Given then, that the majority of criminologists are said to be passively tolerant, and that those so described will, to varying extent, have some sympathy with the five approaches to policy change discussed by the authors, it is not at all clear either why we need the DUL, or maybe even indeed why we need this book.

But there is more to the book than simple navel gazing by two criminologists. Their final discussion considers heat as a metaphor to apply to the debates about crime and criminal justice. Here they justifiably suggest that the heat has been turned up in western societies over recent decades. In the USA and UK in particular, the political left seems indistinguishable from the right in the race to be tough on crime (although less noticeably tough on the causes of crime, depending upon what criminologists may argue those causes to be). These are massively significant issues for any society wishing to call itself civilised. The lessons and insights offered by criminology are imperative to these debates, and as a society we ignore them at our peril. We risk, as has been seen in the USA, a spiralling prison population over represented (in the US case) by African Americans. There must be a better way, and if academe has anything to offer to these debates then it must be to criminology that we first look.

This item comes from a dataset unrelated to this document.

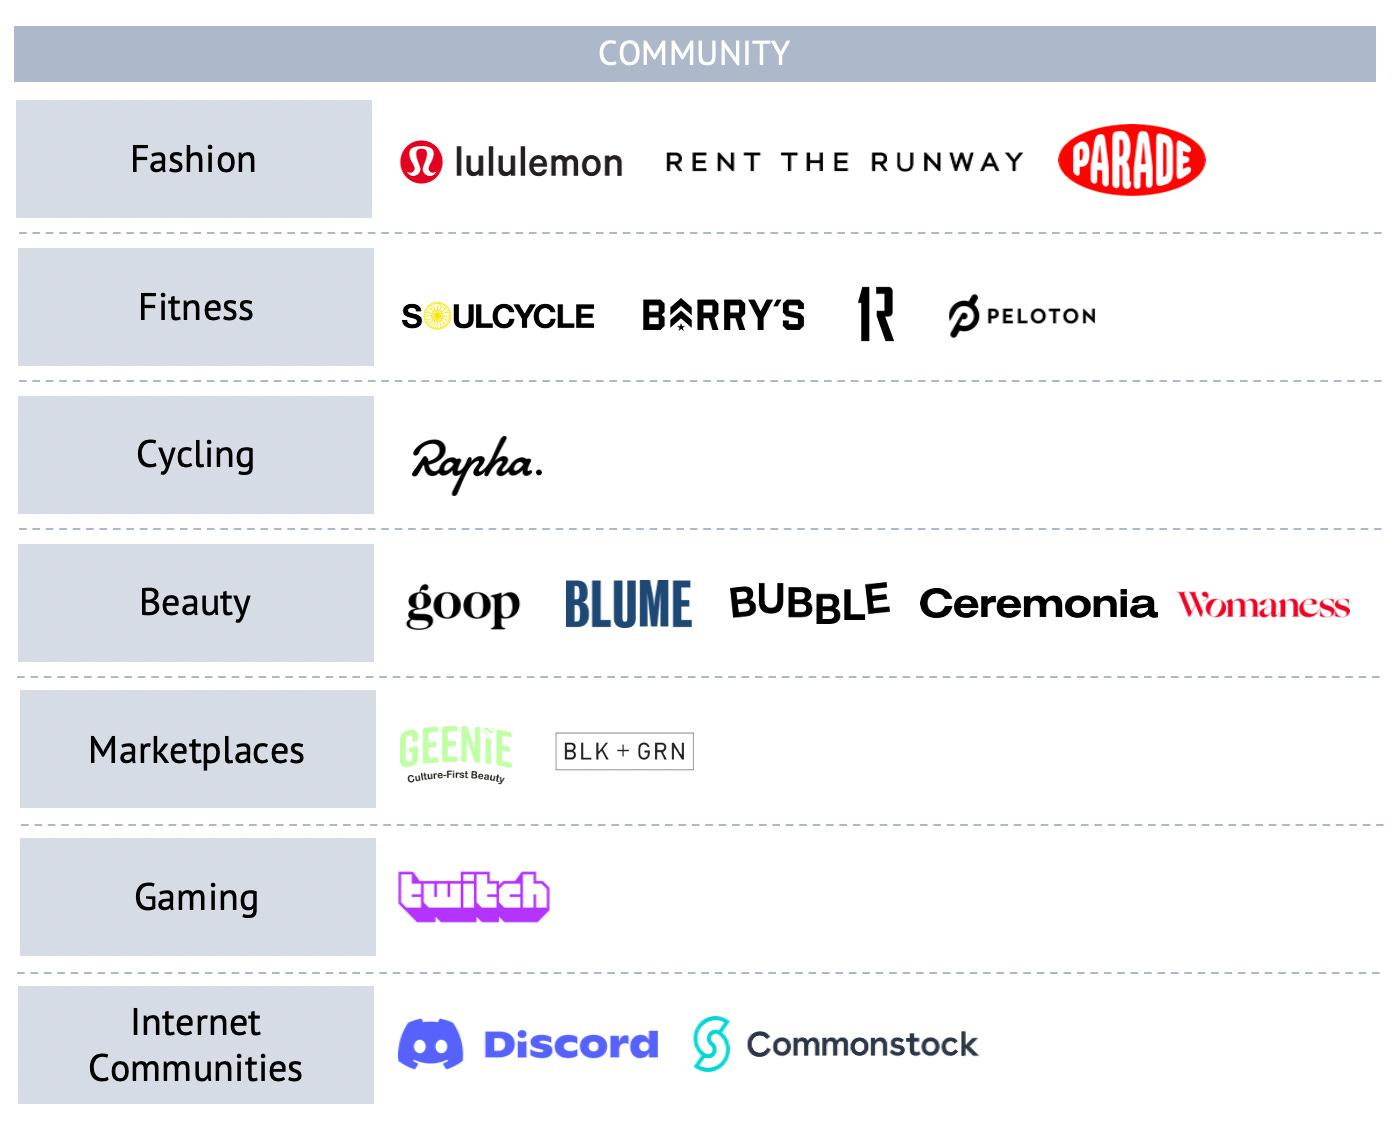 Community-focused brands

The ideas presented in this book are clearly based on copious amounts of reading, and some original qualitative research carried out in 2003 as part of a separate study; which research was further developed over subsequent years. It is fair to say that the book has provoked considerable interest and debate in the UK, where it was the focus of an ‘authors meet critics’-type session at a British Society of Criminology meeting and has also been reviewed extensively in the British Journal of Criminology (2011). Whether the ideas represent a series of straw men or generate a serious debate and change of direction in the subject of criminology and its influence over and contribution to developing public policies, only time will tell. Meanwhile, Public Criminology? is very well worth reading and should certainly act as a fascinating focus for seminars and discussions throughout the criminology and criminal justice communities.

References:

Loader and Sparks reviews British Journal of Criminology, (2011) Vol 51, no 4, pp. 707-738.
Smith, M. J. and N. Tilley (2005) Crime Science: New approaches to preventing and detecting crime Crime Science Series, Willan Publishing, Cullompton, Devon ISBN 1-84392-089-1

Gloria Laycock is a Professor of Crime Science at University College London.